The underlying mechanisms of CAD-associated progression of RA are not fully elucidated. Studies found that the high mortality of CAD&RA is due to endothelial dysfunction and the circulating acute phase reactants such as C-reactive proteins [13, 14]. Inflammation can promote coronary atherosclerosis and induce coronary microvascular dysfunction in patients with RA, leading to an inadequate supply of myocardial oxygen, with the primary incipient procedures for the two changes being endothelial dysfunction and immune system dysregulation [15, 16]. Neutrophil activation-related genes of S100A8 and S100A12 are under investigation as therapeutic targets for both RA and CAD, hinting at the common pathogenic mechanisms of CAD&RA [17].

To discover the complex pathological mechanisms of CAD and RA, the conventional single target paradigm is not enough to illuminate the molecular basis of CAD&RA, and a novel systematic paradigm is urgently required. Rather than a simple view of the disease due to individual genomic variations, it requires network perspectives to understand the complex phenome-genome relationships of diseases and their comorbidities.

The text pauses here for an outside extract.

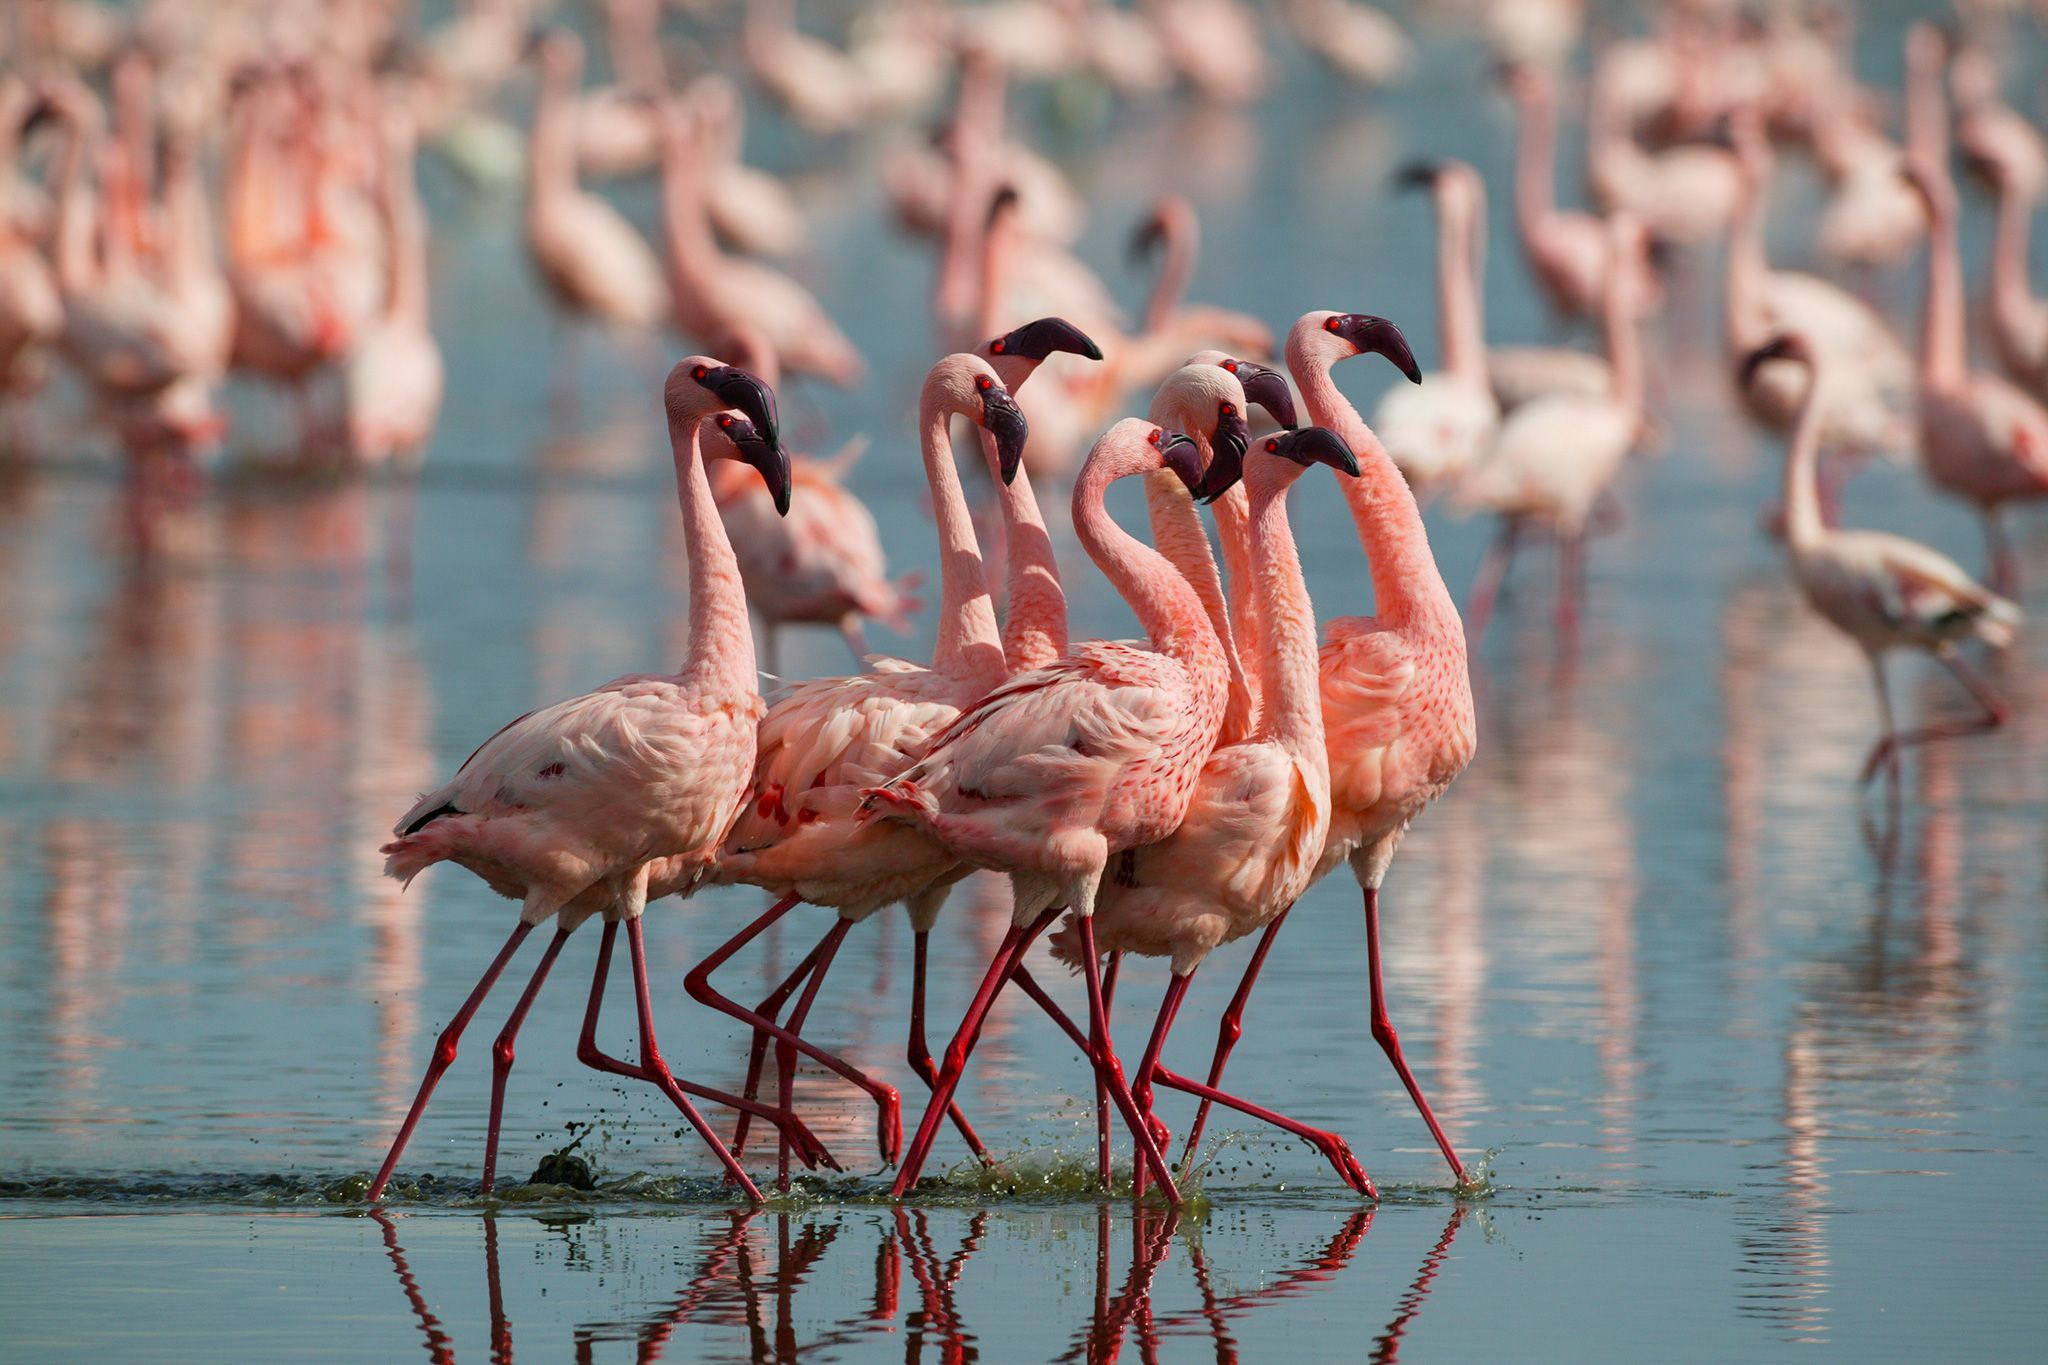 draadloos vandaag Spaans Hoe rozer de flamingo hoe agressiever, blijkt uit onderzoek

Network medicine is thought to be capable of uncovering complex disease relationships using disease modules and network-based approaches, which may help to discover the shared biological mechanisms of associated diseases [18, 19]. A complex disease is rarely the direct consequence of a single gene alternation; rather, it is the result of the interaction of multiple molecular processes. Disease genes usually interact with each other and form closely connected subgraphs, i.e. disease modules, which play important roles in disease–disease relationships [20]. The identification of precise disease modules may help us understand the molecular interactions of complex diseases. Understanding comorbidities can also help physicians evaluate disease progression and improve treatment. Disease-related genes have been used to assess the similarity between different diseases [21, 22]. Accordingly, module-based strategies rather than single gene and targeted strategies are becoming increasingly important for revealing the relationship between multiple gene interactions and disease mechanisms [23, 24].

In this study, the gene expression array profile of CAD patients with and without RA was used to construct gene co-expression networks by weighted gene co-expression network analysis (WGCNA). Network modularization analyses were performed to identify the characteristic modules and susceptibility hub genes for CAD&RA to reveal the potential molecular mechanisms of the comorbid presence of CAD and RA. The workflow is shown in Fig. S1.

Materials and methods

Gene expression profile data and differentially expressed genes analysis

The CAD and CAD&RA datasets GSE110008 were downloaded from the National Center for Biotechnology Information (NCBI) Gene Expression Omnibus (GEO) (https://www.ncbi.nlm.nih.gov/geo/). The datasets included eight CAD&RA and eight control CAD samples according to the analysis of biopsies of the ascending aorta, and the platform was Affymetrix Human Genome U133A 2.0 Array (HG-U133A_2). The primary data was annotated to form an expression matrix, each probe was matched to their homologous gene symbols, and the repeated gene symbols in the matrix were excluded.

Differentially expressed genes (DEGs) between CAD&RA and CAD patients were identified using R (version 4.1.1) limma package. Genes with a false discovery rate (FDR) adjusted to p < 0.05 were considered as DEGs. Then, the DEGs were compared with the CAD-related and RA-related genes. To obtain CAD-related and RA-related genes, data were retrieved using the key words “coronary artery disease” and “rheumatoid arthritis” in the HPO (https://hpo.jax.org/app/), OMIM (https://omim.org/) and dbSNP (https://www.ncbi.nlm.nih.gov/snp/) databases during October, 2021.

WGCNA network construction and clinical traits analysis

The R package WGCNA was applied to construct the DEG co-expression network. The DEG dataset was checked through the goodSamplesGenes step in WGCNA [25] to remove unqualified genes which do not qualify for inclusion because of missing values in multiple samples. The co-expression network of DEGs was constructed using appropriate soft-threshold β. Topological overlap measure (TOM) and Dynamic Hybrid Tree Cut algorithm were used to perform hierarchical clustering and partition the branches of dendrogram as a module with the following parameters (minModuleSize = 3, mergeCutHeight = 0.25 and verbose = 3). Then, the correlation coefficient between the expression level of each module and the different disease traits was analyzed.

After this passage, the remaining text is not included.